Switching circuits typically employ hysteresis to provide noise immunity or a safety margin. U.S. Pat. No. 3,725,673 discloses such a hysteresis circuit. FIG. 1 illustrates the basic features of this bipolar circuit. It switches between a pair of states with a hysteresis created by suitably switching a current I.sub.H.
The circuit of FIG. 1 employs differential portions 11 and 12. Portion 11 amplifies an input voltage V.sub.I, which is here the amount by which a signal voltage V.sub.IN exceeds a reference voltage V.sub.REF, to produce circuit currents I.sub.1A and I.sub.1B whose difference is representative of V.sub.I. The internal configuration (not shown) of portion 11 centers around a pair of Darlington circuits. Each Darlington contains an input PNP transistor whose emitter drives the base of a trailing PNP transistor. The bases of the input transistors differentially receive voltage V.sub.I. Currrents I.sub.1A and I.sub.1B are respectively supplied from the collectors of the trailing transistors whose emitters are connected to a current source to receive a supply current. Portion 12, which is configured the same as portion 11, amplifies a control voltage V.sub.C to produce circuit currents I.sub.2A and I.sub.2B whose difference is representative of V.sub.C.

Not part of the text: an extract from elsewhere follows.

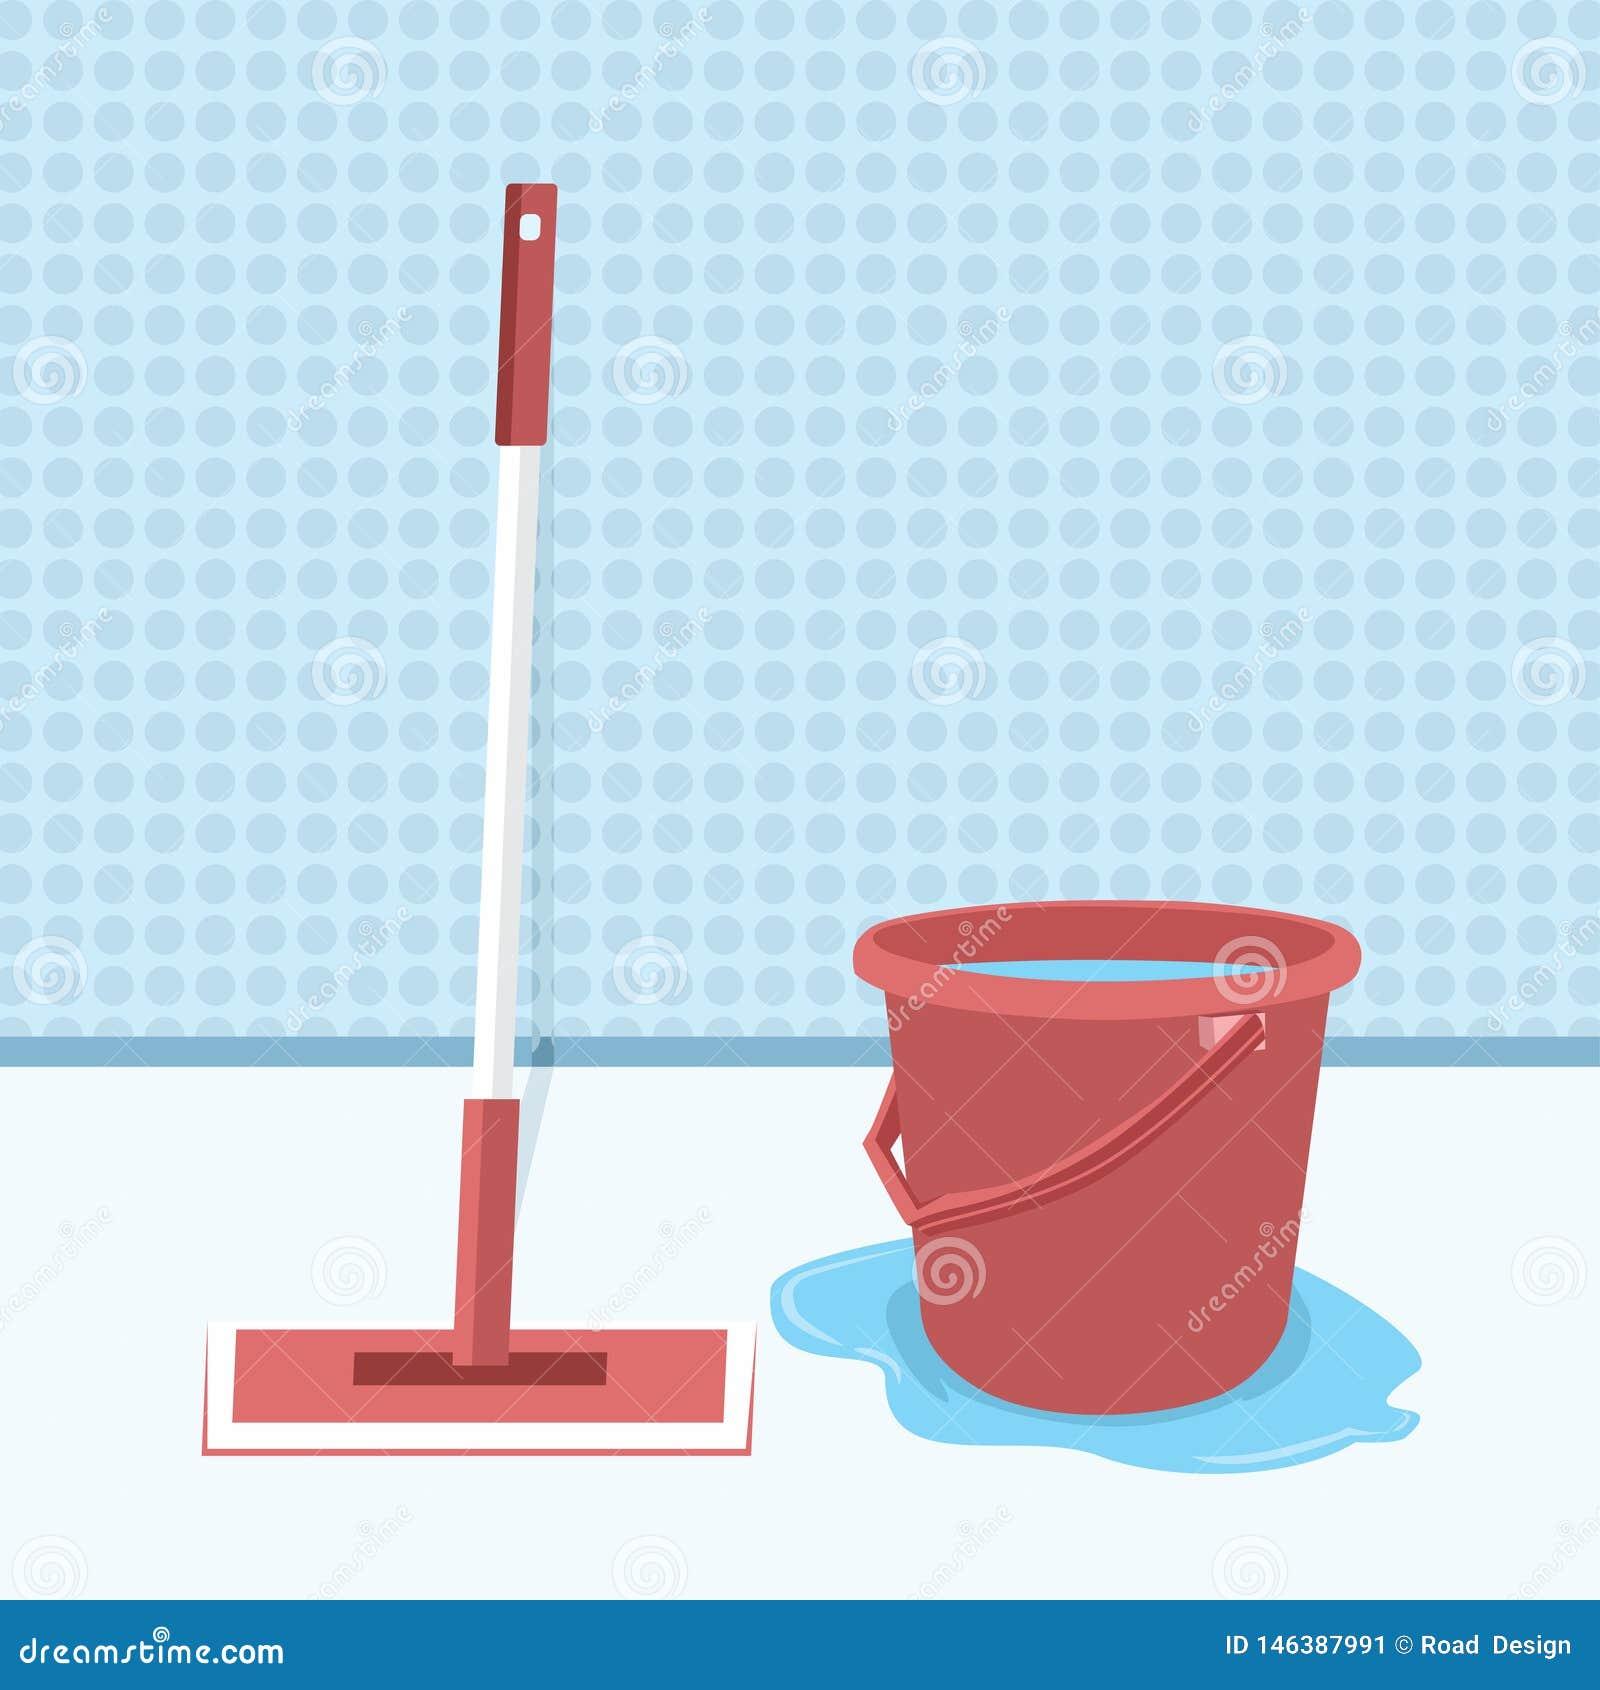 Mop και κάδος με τη διανυσματική απεικόνιση νερού, Mopping το επίπεδο σχέδιο πατωμάτων Υγρός καθαρισμός Καθαρό δωμάτιο Καθαρισμός

Currents I.sub.1A and I.sub.1B are supplied to the inputs of a differential-to-single-ended converter 13. Another such converter 14 generates current I.sub.H by subtracting I.sub.2A from I.sub.2B. A switch 15 provides current I.sub.H to ground or to one of the inputs of converter 13. A voltage V.sub.X is supplied from converter 13 at a value that varies largely in proportion to I.sub.1B -I.sub.1A -mI.sub.H where m is 1, 0, or -1 depending on the switching of current I.sub.H. An amplifier 16 amplifies voltage V.sub.X to generate an output voltage V.sub.O which controls the position of switch 15.
Circuit transitions occur when I.sub.1B -I.sub.1A equals mI.sub.H. During a transition, V.sub.I passes through a hysteresis threshold approximately equal to mK.sub.G V.sub.C, where K.sub.G is the ratio of the transconductance of portion 12 to that of portion 11. Only two of the three values of m are normally used in any particular embodiment of the circuit. This gives three different cases: (1) m=0, 1; (2) m=-1, 0; and (3) m=-1, 1. FIGS. 2a, 2b, and 2c respectively show the hysteresis characteristics for the three cases. The vertical axes, for example, represent V.sub.O. The low and high values of m for each case respectively fix its low and high hysteresis thresholds. Their difference is the magnitude of the hysteresis.
In particular, assume that switch 15 is positioned at the high m value to set the circuit at the high threshold. Starting with V.sub.I low, the circuit changes state as V.sub.I rises above the high threshold. The new V.sub.O value causes switch 15 to switch to the lower m value. This sets the circuit at the low threshold. When V.sub.I later drops, nothing happens until it passes the low threshold. At that point, the circuit goes back to its original state. Switch 15 thereby returns to the high m value to reset the circuit at the high threshold.
The circuit of U.S. Pat. No. 3,725,673 has several desirable features. The amount of hysteresis can be controlled by simply adjusting K.sub.G or V.sub.C. Since K.sub.G is a ratio, it is largely independent of temperature and fabrication conditions. V.sub.C can be made largely temperature and process independent. Consequently, the hysteresis thresholds are stable with temperature and processing parameters. The flexibility is, however, somewhat limited because the thresholds are not independently controllable. One of them is either fixed at zero (FIGS. 2a and 2b) or is the negative of the other (FIG. 2c). It would be desirable to overcome this flexibility limitation without sacrificing the preceding advantages.